Monday, Feb. 09, 1942

Hitchhiker Home

Almost too late A.P.'s famed Larry Allen last week decided to learn to swim-"enough at least," said he, "so that I can paddle out of reach of propellers and suction when battleships go down under me."

Furloughed to the U.S. after 20 months with the British Mediterranean Fleet, Correspondent Allen still carried grim memories of his lucky rescue, after 45 minutes in the water, from the torpedoed British Galatea (TIME, Dec. 29). He corrected first reports that he had been hospitalized afterwards in Alexandria--he had only gone to bed in a hotel. But he still suffers from severe headaches in consequence of shock and swallowing oil scum.

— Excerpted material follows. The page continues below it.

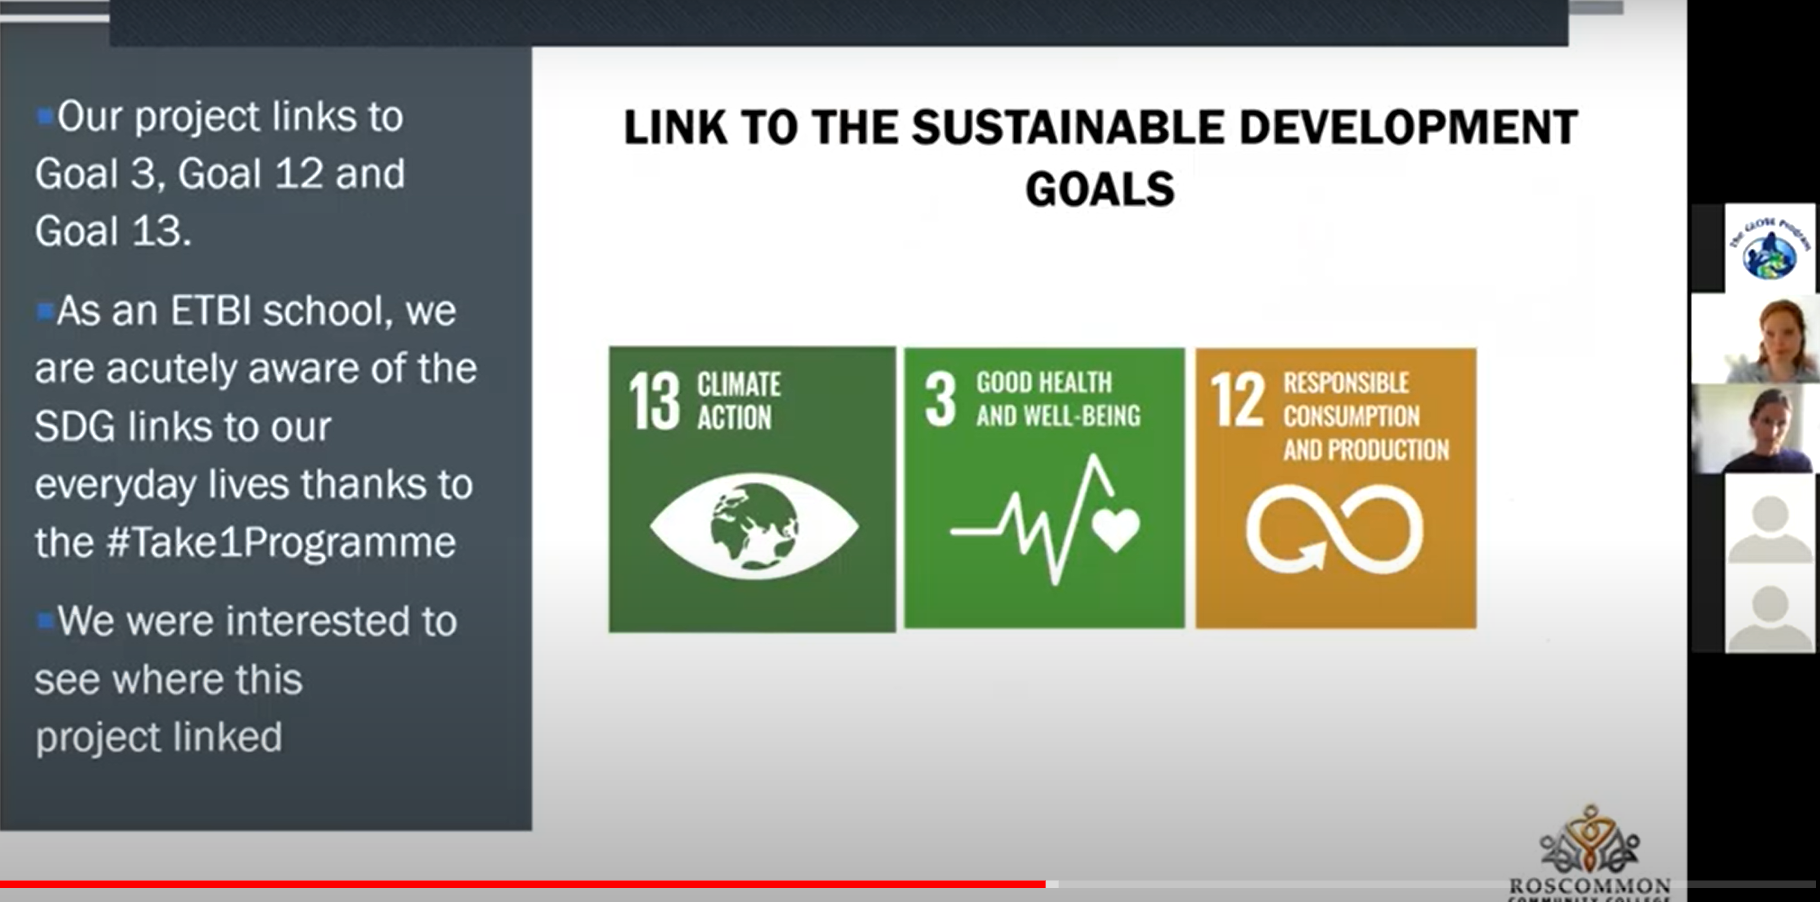 A screen shot of the Zoom meeting from the 10 May 2022 GLOBE Ireland Air Quality Campaign "End-of-Year" Event highlighting the campaigns connection to the UN's Sustainable Development Goals

Given a month's leave, he tried in Cairo to bum a ride to the U.S. with William C. Bullitt aboard a bomber. Bullitt said there was no room. But not for nothing had Correspondent Allen been able to talk the British into letting him become the Fleet's first correspondent. He followed Bullitt in a commercial plane across Africa. The next two days and three nights Hitchhiker Allen rode in the empty bomb compartment of Bullitt's plane.

Most blessed of U.S. sights on his return: lights at night, the bellicose war spirit (he had been away since July 1938), newspapers containing news. "After foreign papers," says Allen, "you sort of forget there are papers with news in the headlines." He expects to employ his furlough eating "all the hot dogs and T-bone steaks I can find."

Predicting a long war--"a minimum three years, a maximum five"--Correspondent Allen said he would rejoin the Mediterranean fleet after his Miami vacation. "You take your life in your hands every time you go out on a ship," he says. "But there's one consolation: if you come out of it, you've got a front-page story."